I'm reading through this online book on x86 and I'm curious about an implementation detail in their example code for implementing a spin lock. In the example, they use a xchg to set a memory location to 0 rather than a mov and I'm trying to understand why that choice was made.
In the spin lock example there is a function, spinUnlock which puts a 0 in the memory location [sLock]. [sLock] is set to 0 if the lock is free and 1 when it is aquired. The spinUnlock function sets [sLock] to 0 freeing the lock. The code follows:
spinUnlock:
push ebp
mov ebp, esp
mov eax, 0
xchg eax, [sLock]
pop ebp
ret
Why use mov eax, 0; xchg eax, [sLock] to set [sLock] to 0 rather than mov [sLock], 0? The eax register is not used for anything after the calls to spinUnlock. I know that xchg will lock the memory location, but if mov is already atomic then a lock is unnecessary.

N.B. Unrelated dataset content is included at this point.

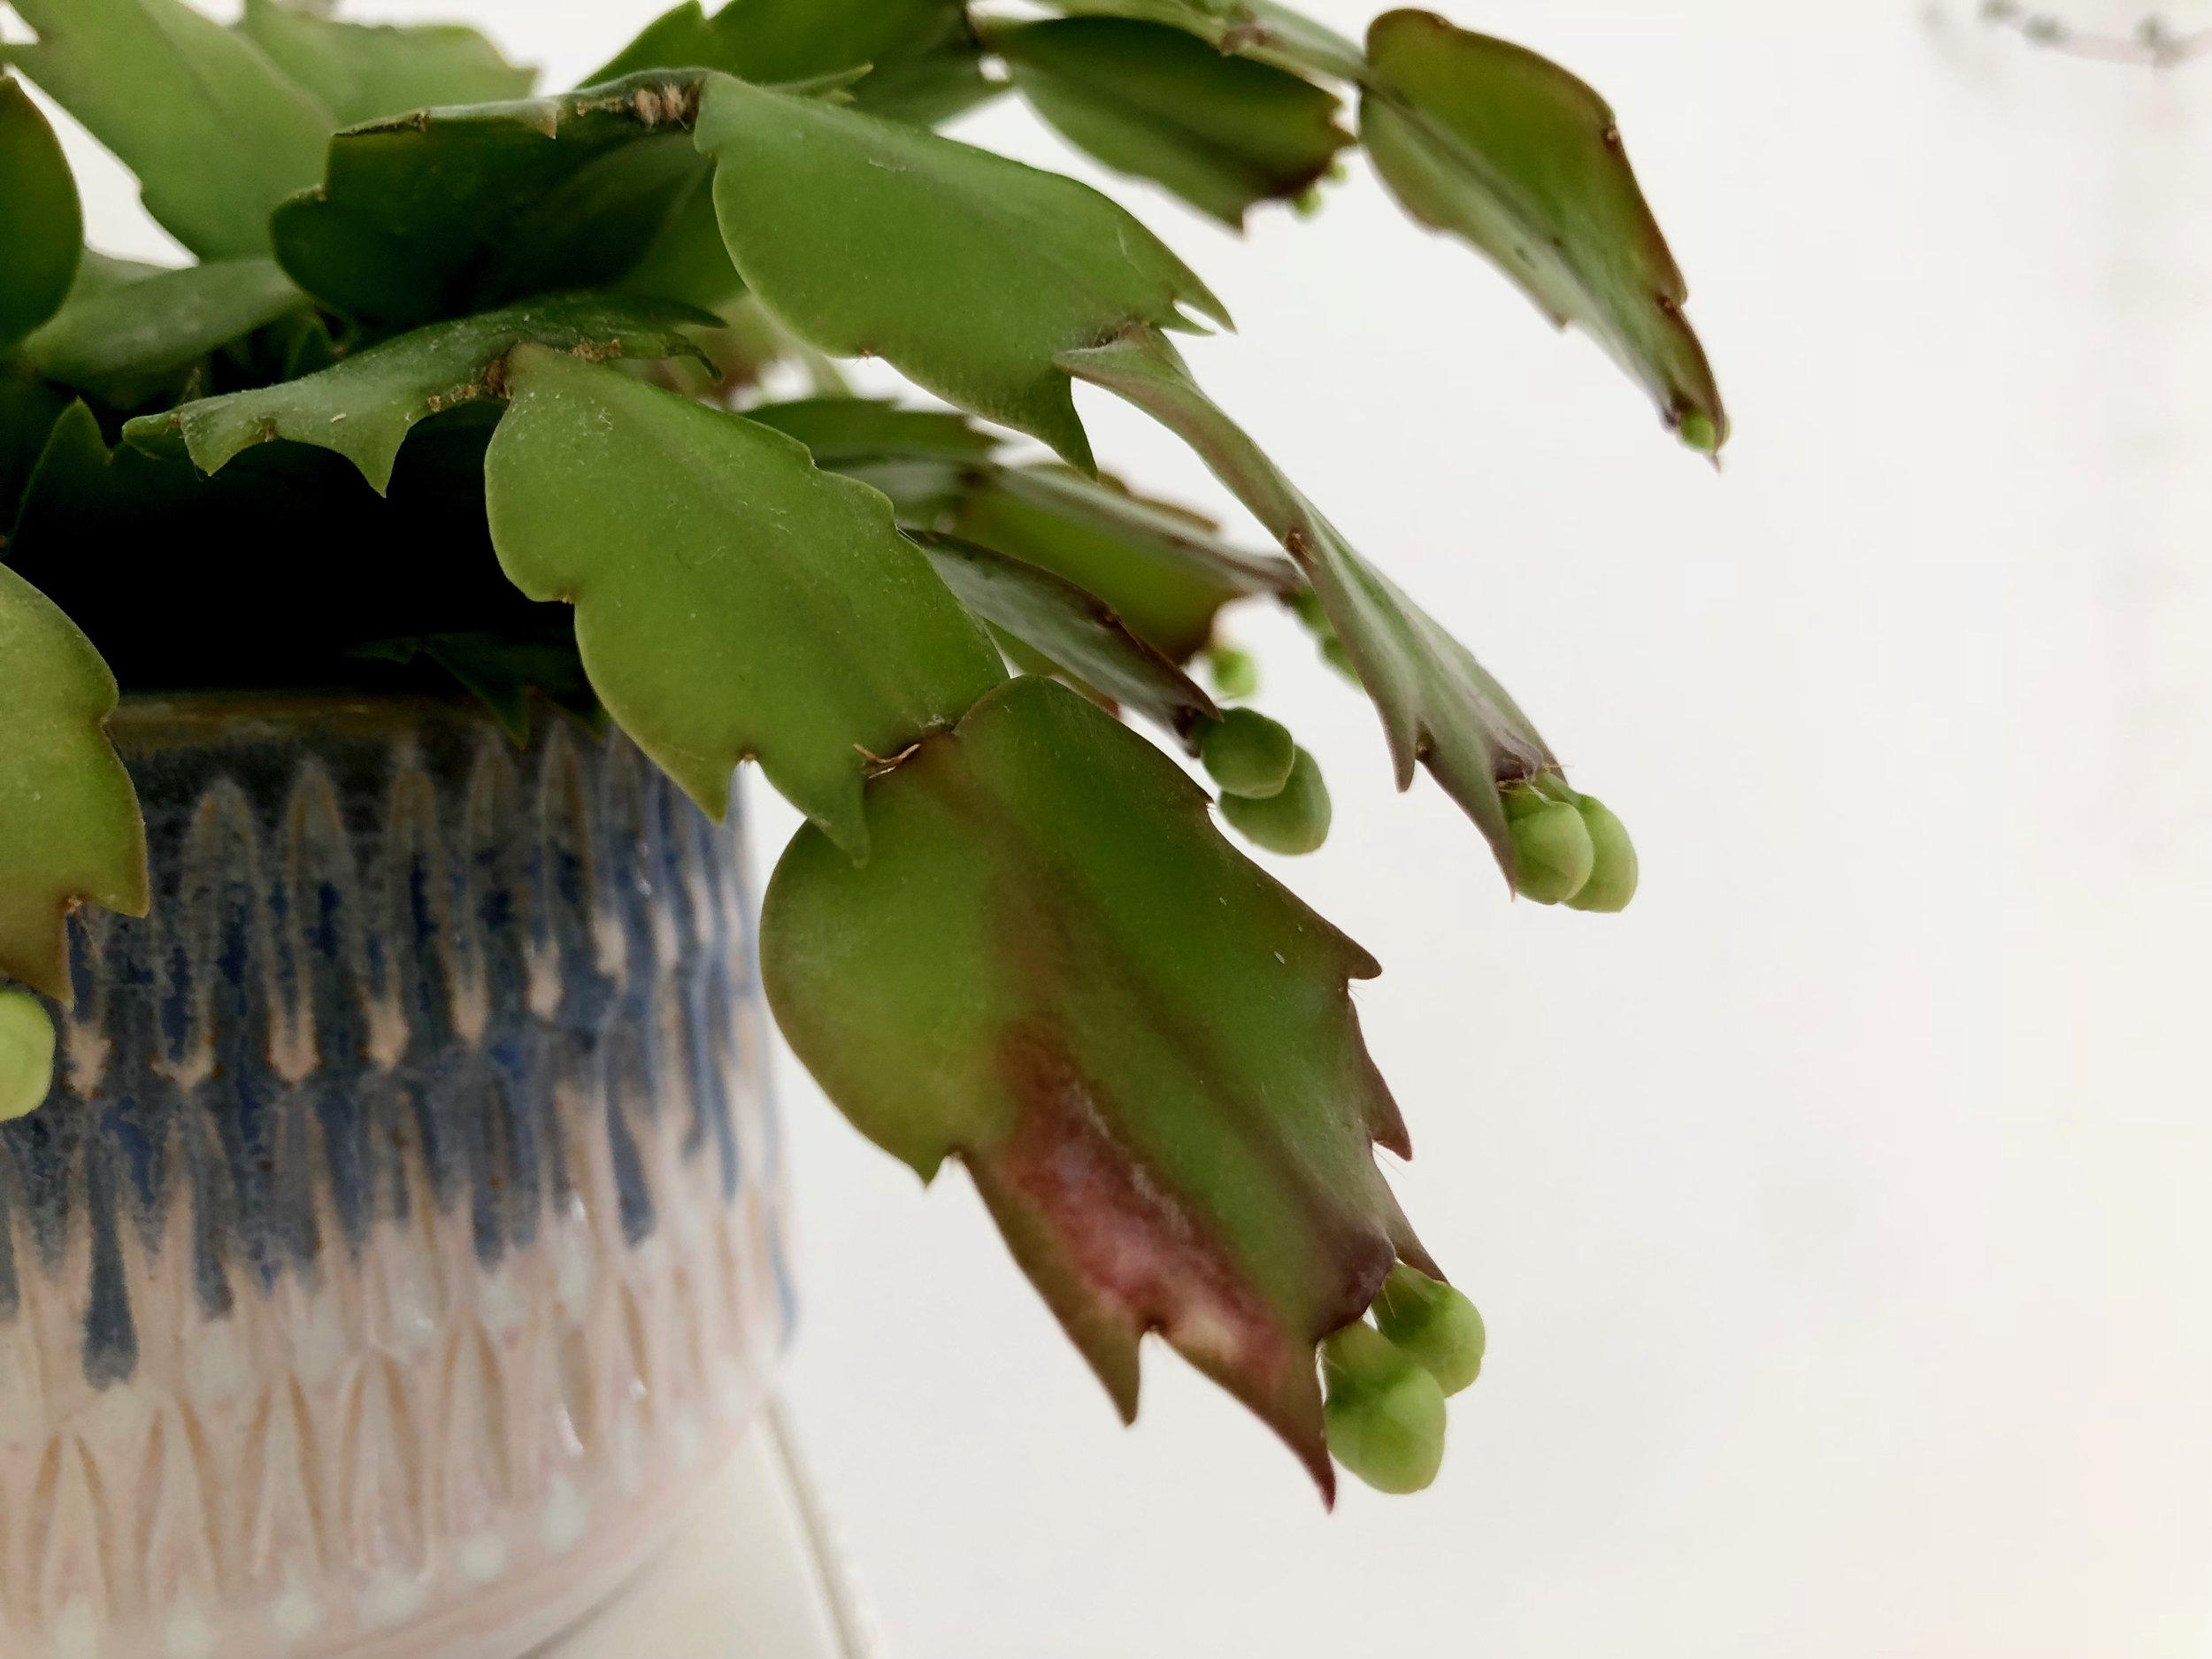 Der findes to slags kaktus: ørkenkaktus og skovkaktus. Novemberkaktus hører til den sidste kategori. Derfor trives den bedst i halvskygge i modsætning til ørkenkaktus, som gerne vil bages i solen, for den gror under træernes krone. Hvis de står i direkte sol, kan de være nærige med blomster, og bladene bliver rødlige - hvilket er sket for den her uheldige fyr, der har solet sig for længe i et vestvendt vindue. Den ser nu ud til at sætte blomster alligevel.

Only the author can say why the choice was made.
A single mov dword [sLock],0 would work fine; and an xchg eax, [sLock] (which has an implied lock) is likely to be more expensive (for both performance and code size).
All of the example's code is awful (e.g. no pause in the spinLock routine where it should be used despite having pause in places where it shouldn't be used at all); and their choice of example isn't good either.
Note: using spinlocks in user-space is "almost never" sane because the OS may do a task switch after you acquire a lock but before you release it, causing all other tasks to waste a massive amount of CPU time spinning with no hope of acquiring the lock.